Let's check out a few different evaluation metrics applicable to regression models:

Mean Absolute Error - Average of the error between the true value and predicted value. For example, if you're trying to predict housing price, MAE allows you to state that 'on average your model is off by $100,000 on average per house'.

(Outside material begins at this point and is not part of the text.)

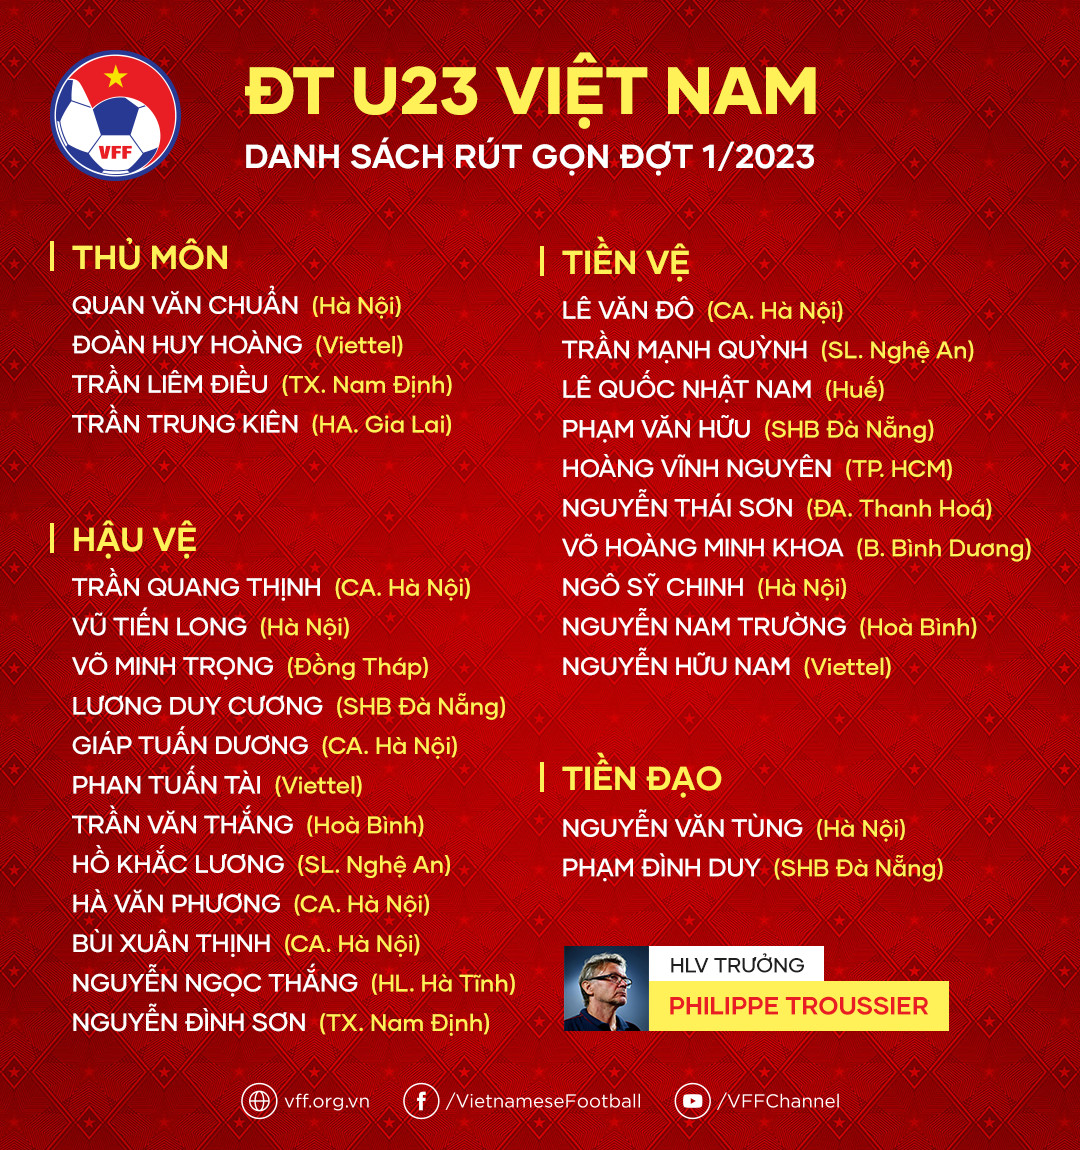 HLV Philippe Troussier loại 13 cầu thủ U23 Việt Nam sau 1 tuần - Ảnh 2.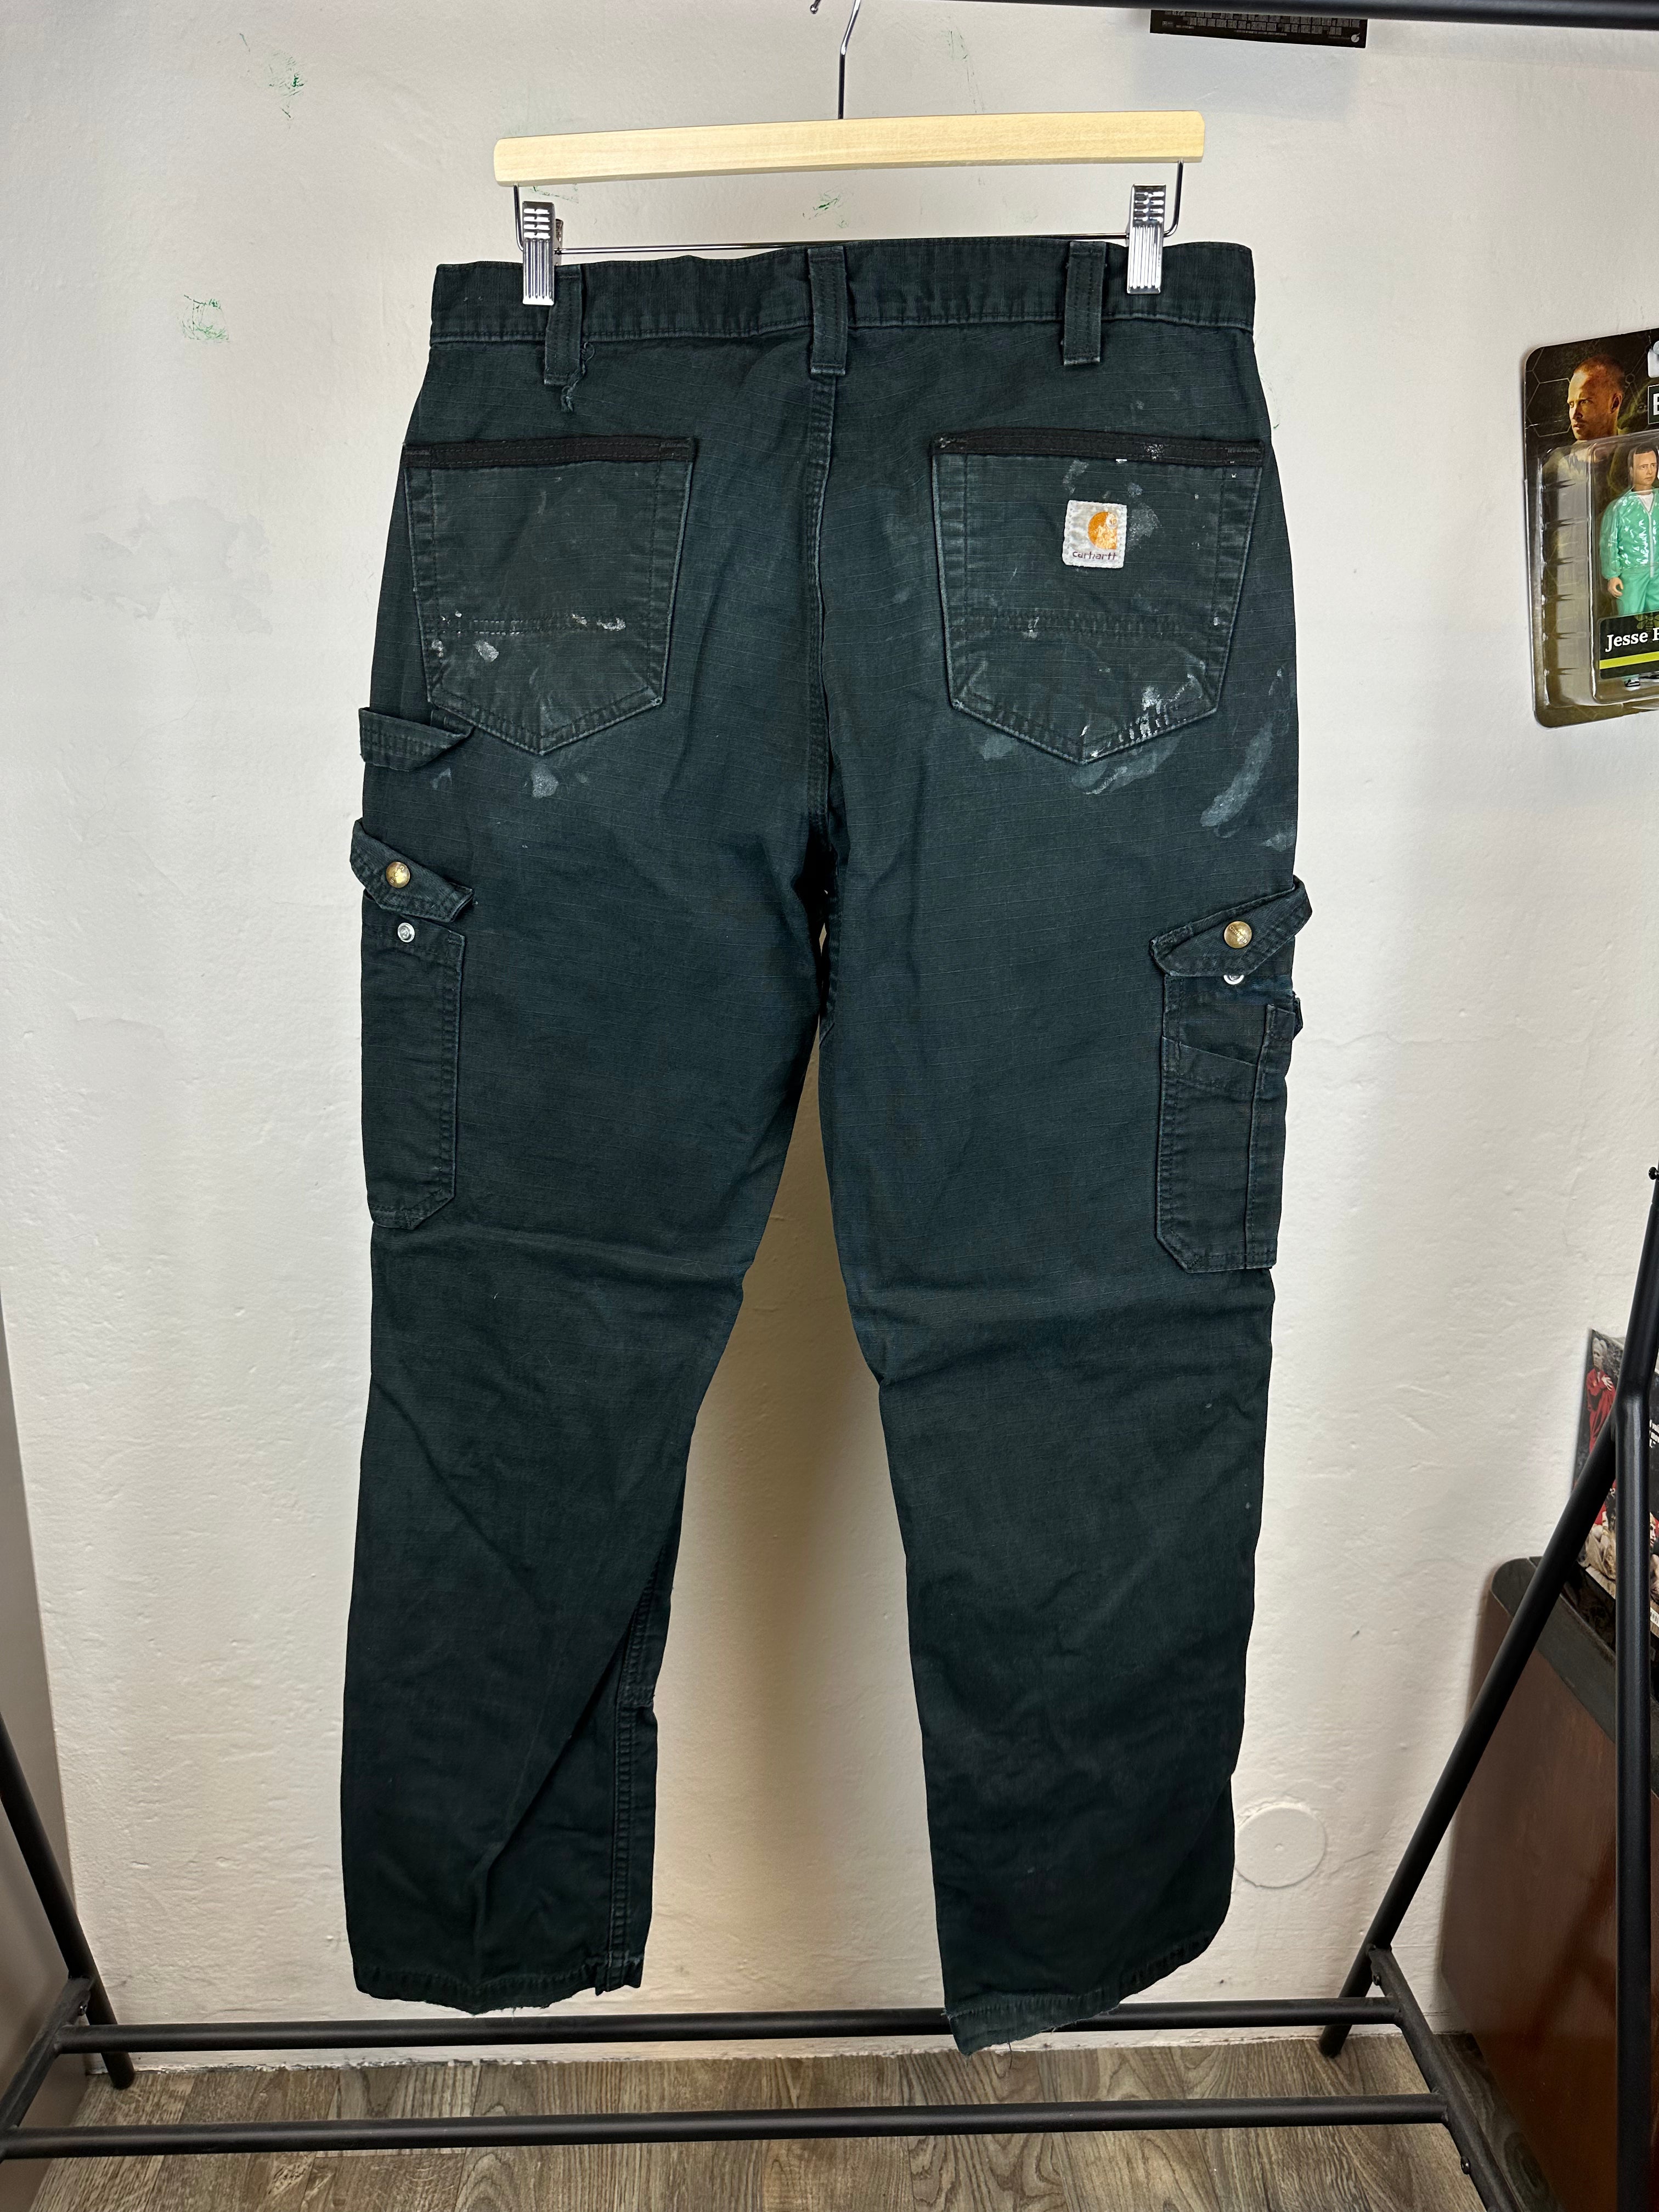 Vintage Carhartt Ripstop Cargo Pants - size 34x34

Mean Squared Error - Instead of taking the absolute error value, the errors are now squared. If you have a large difference between your predicted value and your true value, that difference becomes even more prominent when you square it. This makes it easier to notice when your model is off by a significantly large margin. However, the problem with MSE is that the units are now different. Instead of a $100k housing price error, the error is now 100k squared.

Root Mean Absolute Error - So what do you do? Take the root of MSE (RMAE) to convert it back into the original unit. This retains the enhanced difference on significantly large errors as well maintains the appropriate unit. Because of this, this metric is the most popular. 

R2 (aka Coefficient of Determination) - This measures the amount of variance your model can explain (between 0 and 100%), but does not tell the entire story. It's not actually an evaluation metric, but more of a statistical measure of your model.